Would it be hosted by Xibit?


----------



## Tim Harrison (17 Oct 2015)

zozo said:


> We have tons of Pimp my this and that television shows.  Chip Foos - Pimp My car, Pimp my bike, Pimp my House, Pimp my hair, Dr. Phill - Pimp Me etc etc. I get kinda sick with all the pimping around of wath i'm not into be seen pimped so much. But tanks nowthat's a different story and realy worth pimping.
> 
> But actualy im kinda missing the "Pimp My Tank show!!" Where the kids of the house are totaly fed up with looking at daddys ugly aquarium and call the "Pimp my tank team" to surprise him with a brandnew awsome scape..
> 
> ...


Genius!


----------



## zozo (17 Oct 2015)

Troi said:


> Genius!



hey Troy, thanks, you're a journalist, arn't you? Means a lot to me you thinking about it like that.. 

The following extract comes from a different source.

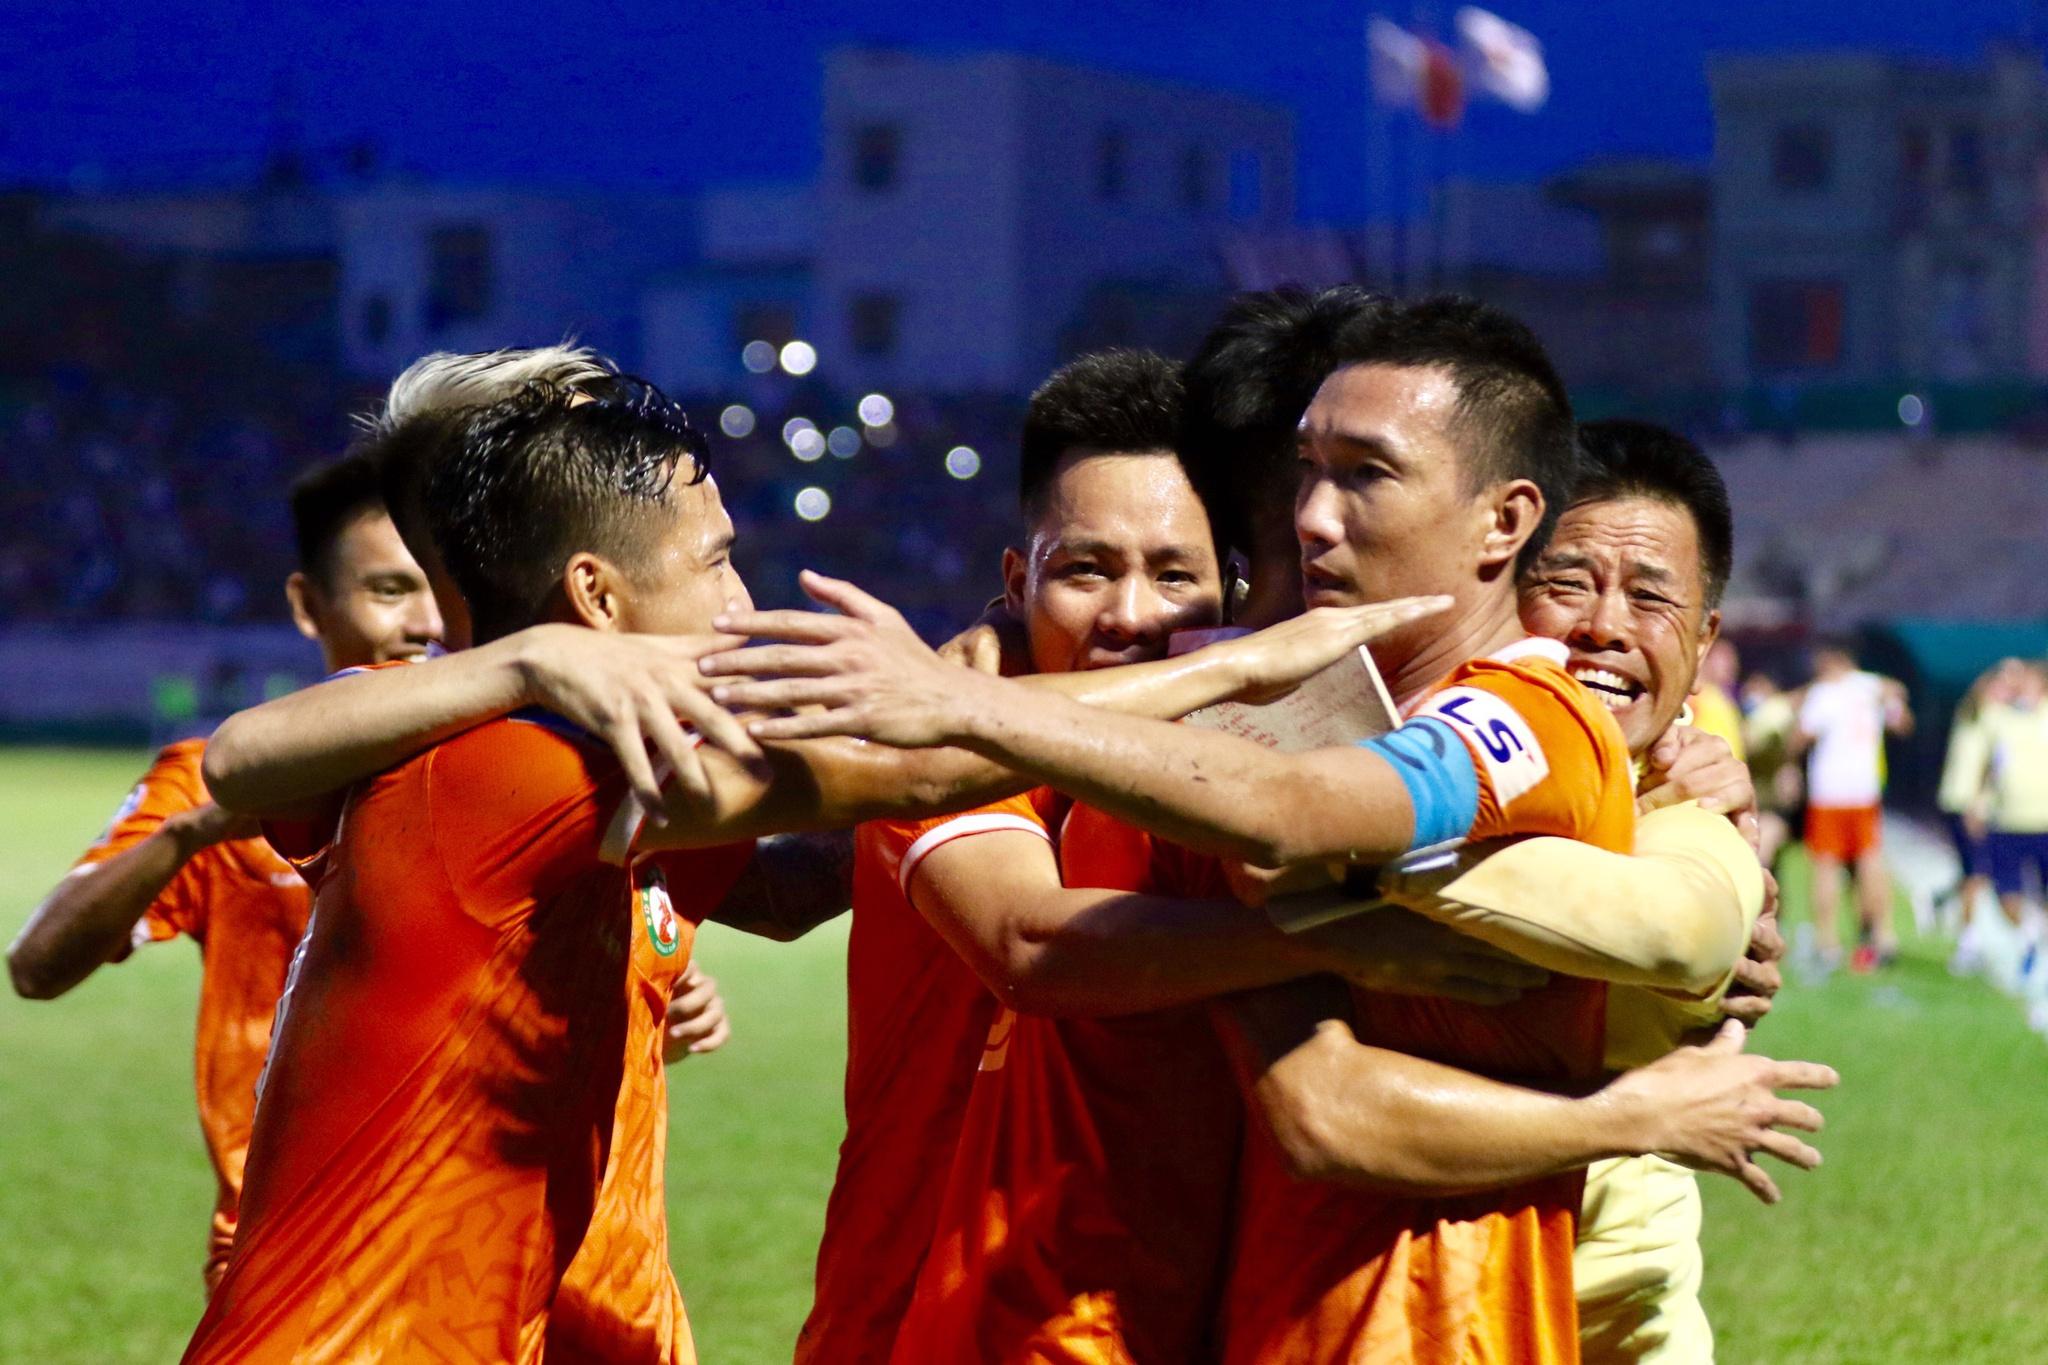 Kết quả suất lên hạng V-League: Chúc mừng CLB Bình Định, tiếc cho Bà Rịa - Vũng Tàu! - ảnh 25

You probably have the network..  Throw a ball in that direction.. 

We have the crowd, we have the sponsors, we have many talended price winning scapers all over the world, the channels (Animal planet).. Actualy all is there except the show. This could be an international break trough.. 

Promotion whise it would be a win win, getting people closer to nature and finaly take proper care for their fish and critters.. Realy, i think the world could use it only for that matter, there is still to much ignorance in this area which should be banned out. Media can have a major positive role in this.. IMHO the scapers world is ready for the next step.  Dedicate the show to our greatest pioneer, who lifes work was the whish for people to get and look closer to nature.


----------



## Tim Harrison (17 Oct 2015)

I think it's the perfect job for our very own George Farmer AKA The Aquascaper


----------



## zozo (17 Oct 2015)

For my part he may become millionaire with this idea.. When Die Ludolfs can, a team of talented aquascapers certainly could pull it off, even with 2 fingers in their nose. 

Im just


----------



## kirk (17 Oct 2015)

I'd definitely be one for watching the out takes......snapping glassware, ruining glass with rocks......flooding the lounge floor......etc.


----------



## GotCrabs (17 Oct 2015)

So are we going to see over the top transformations just like on Pimp My Ride? TVs in fish tanks? haha.


----------



## zozo (18 Oct 2015)

kirk said:


> I'd definitely be one for watching the out takes......snapping glassware, ruining glass with rocks......flooding the lounge floor......etc.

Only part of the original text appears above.